The most recent fish kills at Menindee in March 2023 again have human fingerprints all over them. After a couple of years of water in the river, recruitment of some fish species had gone well, with populations of bony bream and carp quickest to recover. This is normal, because bonies are low in the food chain, carp are tolerant of poor water quality, while it takes more time for populations of their longer lived predators (Murray cod, yellowbelly) to respond to improved environmental conditions. Other natives like silver perch require specific conditions which are hard to find in rivers which resemble drains. But the good times in the Darling at Menindee these days are all too brief. Eyewitnesses described the scale of the 2023 kill at Menindee as “unfathomable” as millions of bony bream went belly up and died, turning the river white for kilometres. The Guardian reported that apparently the incident was worse than the kills experienced in the same place in 2019 “after a rapid drop in temperature led to an algal bloom de-oxygenating the river”. But of course, healthy rivers don’t just develop a “lack of oxygen”.
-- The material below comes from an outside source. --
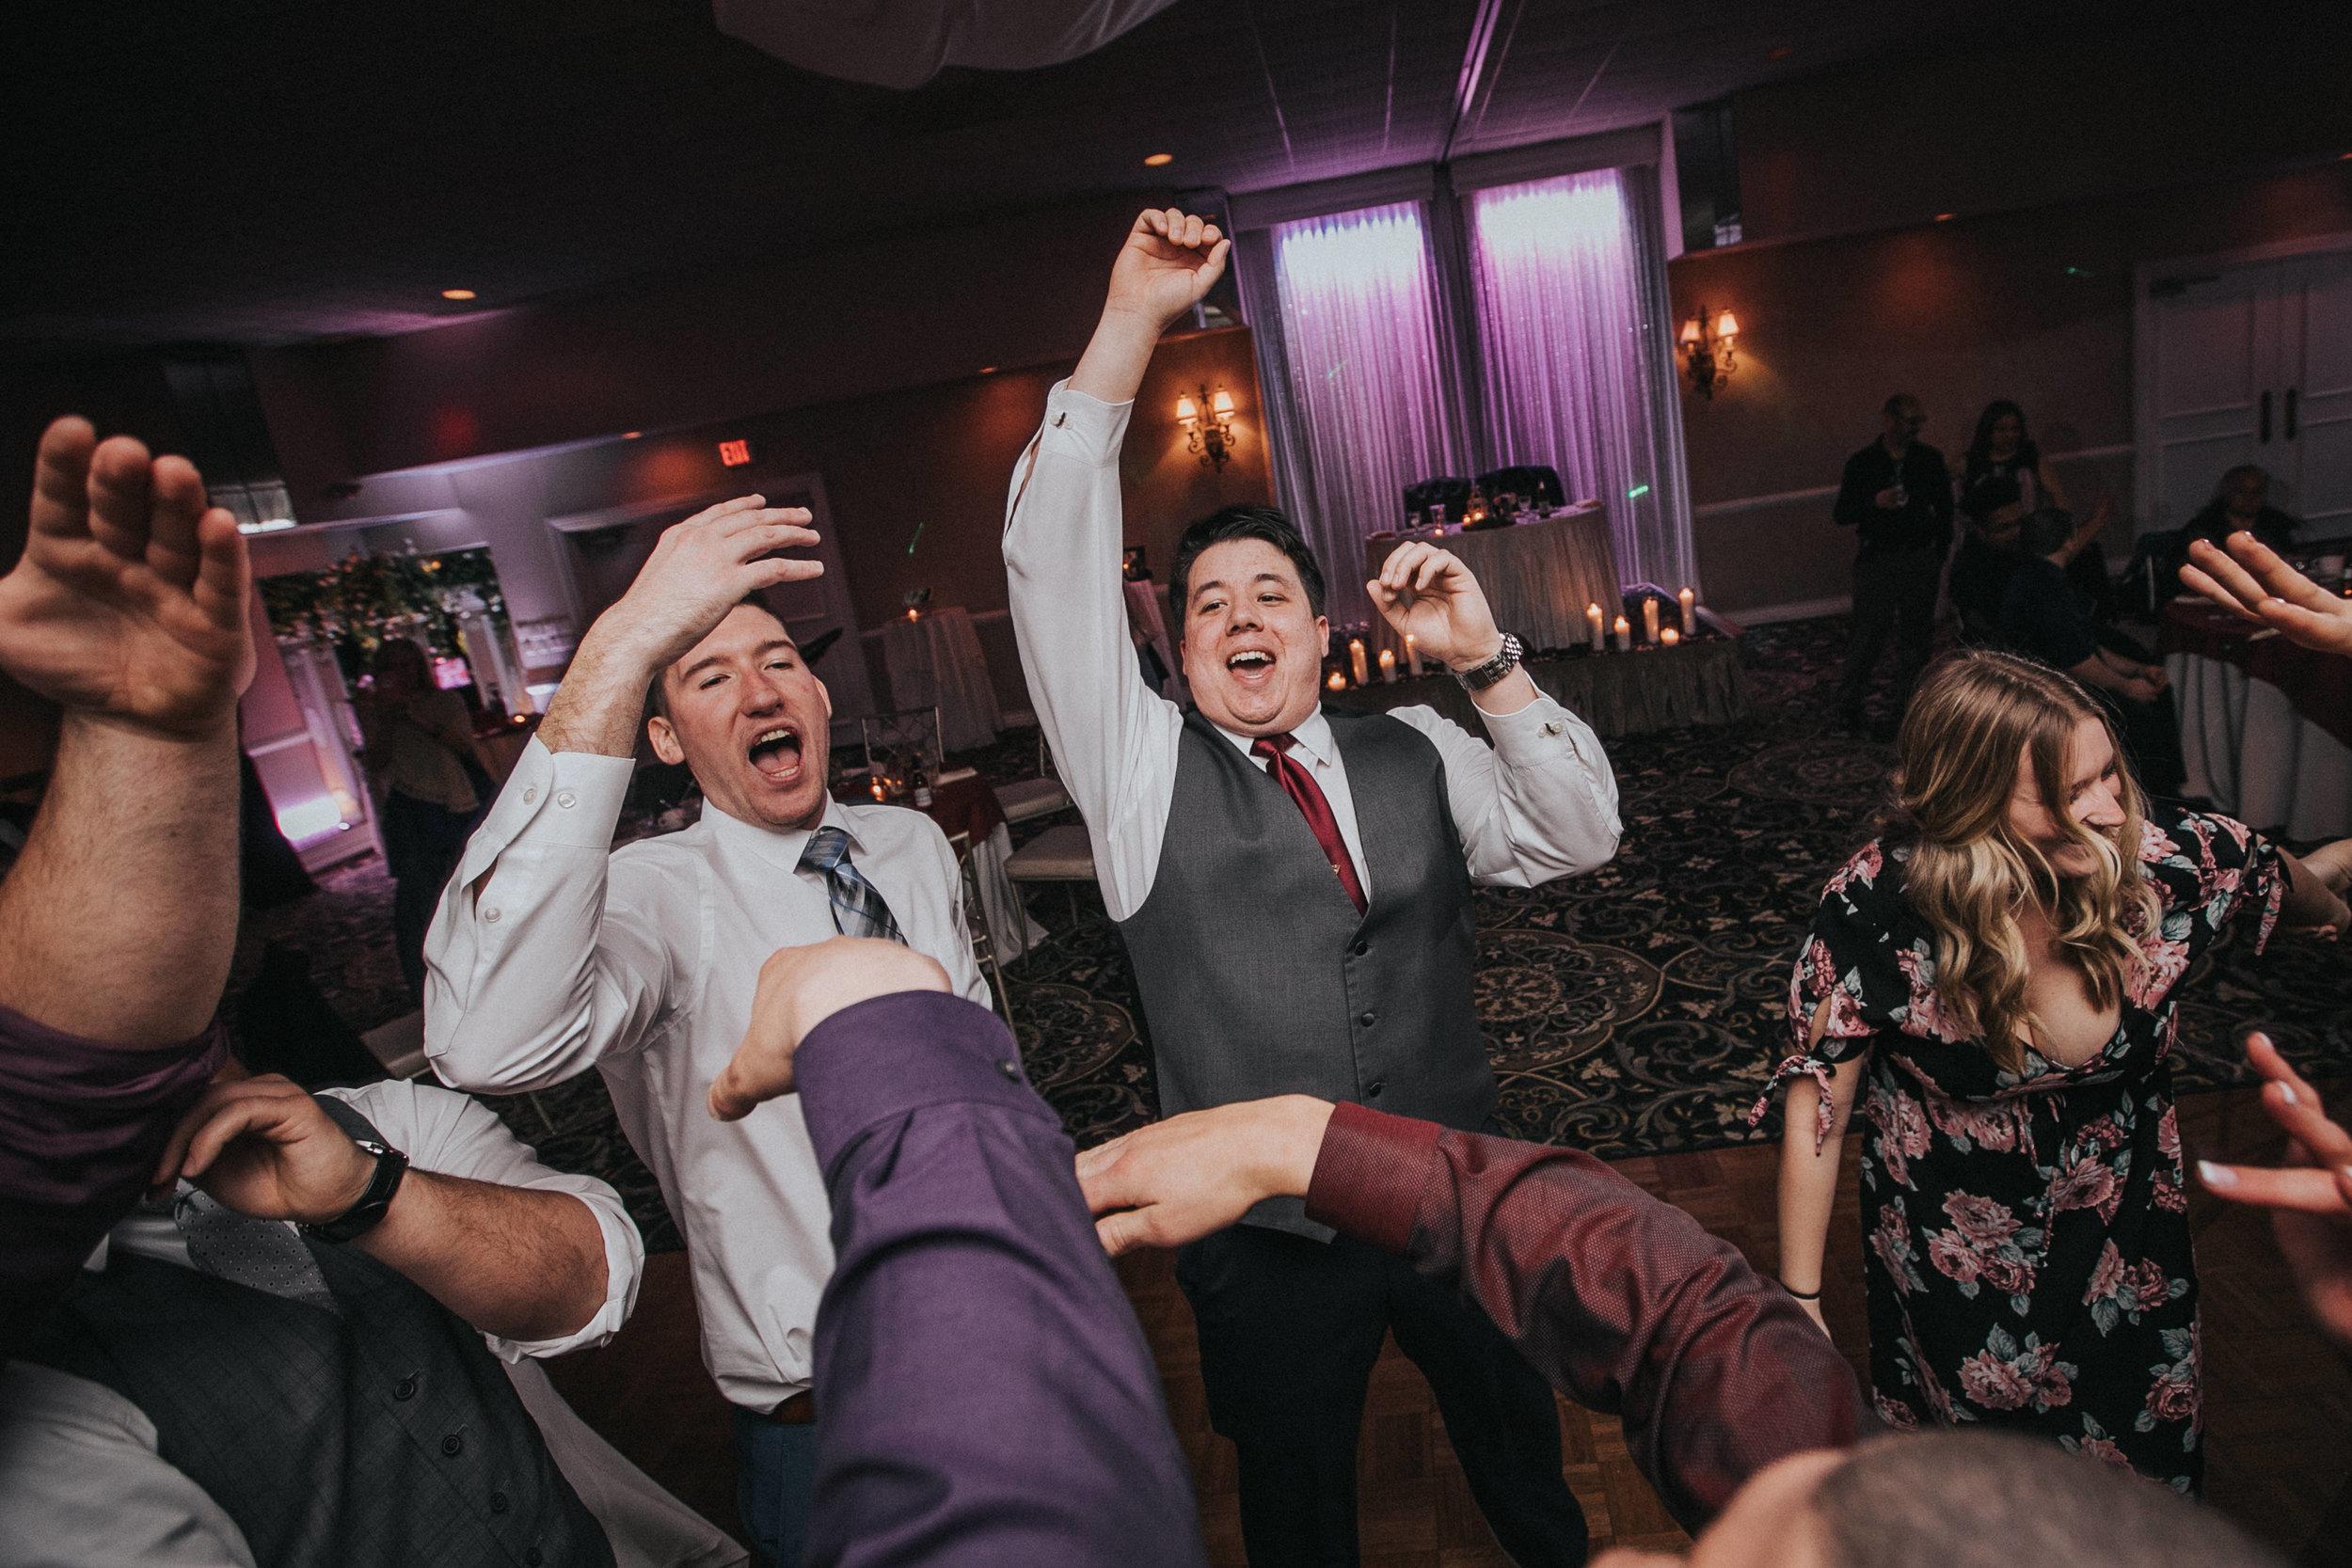 New-Jersey-Wedding-Photographer-ReceptionCenter-Valeria&Mike-Reception (219 of 265).jpg
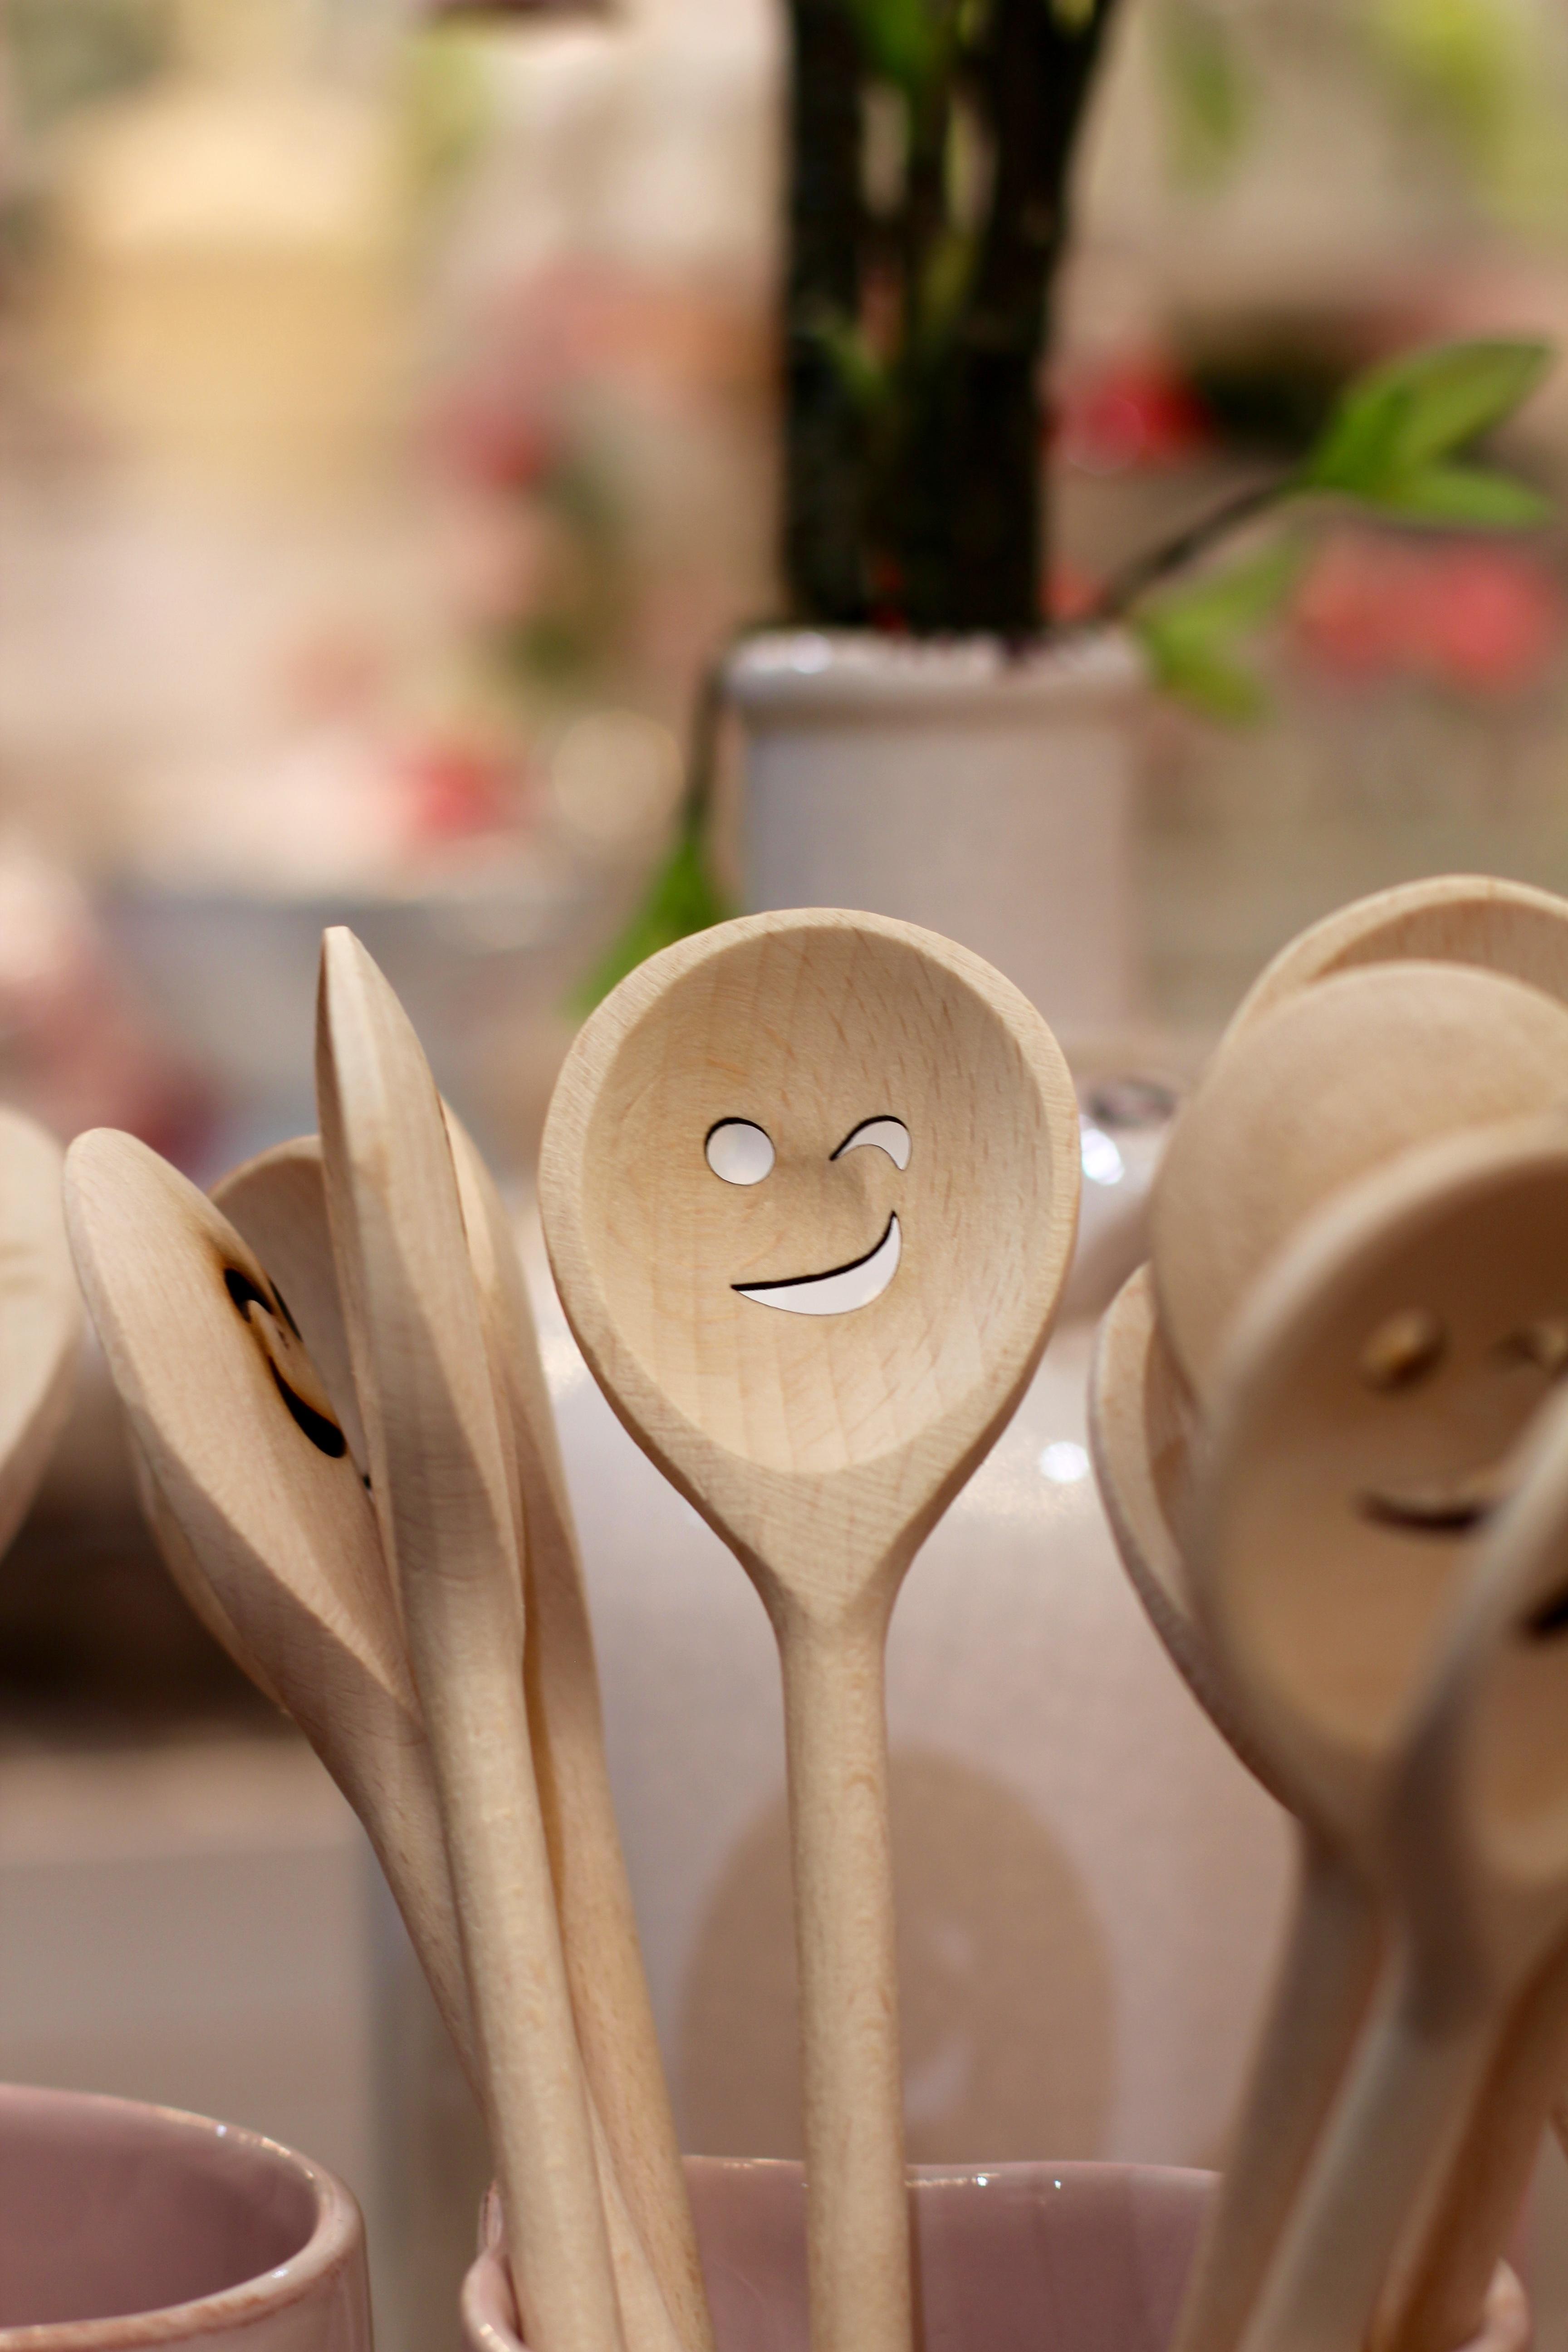 Gambar Bunga Makanan Dekat Tertawa Riang Menghadapi Sendok Kayu Garpu Wooden Cutlery Spoon Fork

In this case, it appears that river regulation “turned off the tap” too quickly. Then, as best described by aquatic veterinarian Matt Landos: “Runoff pollutes the river with synthetic fertiliser and adds a range of chemicals like glyphosate that favour blue green algal blooms. These blooms then collapse and fall dead to the river bed. Driving sediments to become more anoxic and creating bacterial proliferation that consumes the oxygen.” As poignantly pointed out by Dr Landos, “Fish need more than to be wet to survive”. A stretch of river that once supported a diverse commercial and recreational fishery annually harvesting hundreds of tonnes of Murray cod, yellowbelly, silver perch could no longer even support the forage fish base that once underpinned that long lost fishery.
This message is slow to get through to the corridors of power, however. It appears the first reflex of “those in charge” remains to write off these fish kills as “natural events”. Around the same time as the incident at Menindee, the excavators were rolling in to clear piles of fish carcasses from the shores of Kangaroo Lake in Victoria after another kill event. The water regulator spokesperson denied “that fish kill events are becoming more common”, but “suspected recent floods were a contributing factor”. The spokesperson then gave the game away regarding what they thought was acceptable water quality by stating that “the water was safe to use for irrigation” and that the site will be cleaned up so that “Easter (holidays) won’t be affected”. These are all giveaway lines of misinformation from authorities responsible for managing and maintaining our waterways. In their world, if the water is OK for irrigating crops and (if you’re lucky) allows contact for swimming, we should all be happy. Local healthy river campaigners were not fooled, stating “Mass fish kills should not be expected or thought of as just part and parcel of what normally happens in the river”. When will decision makers get the message that we need to move beyond pretending fish kill rates in inland Australia are not accelerating, and admit their cause is not “natural”. Fish indeed need much, much more than to be wet to survive.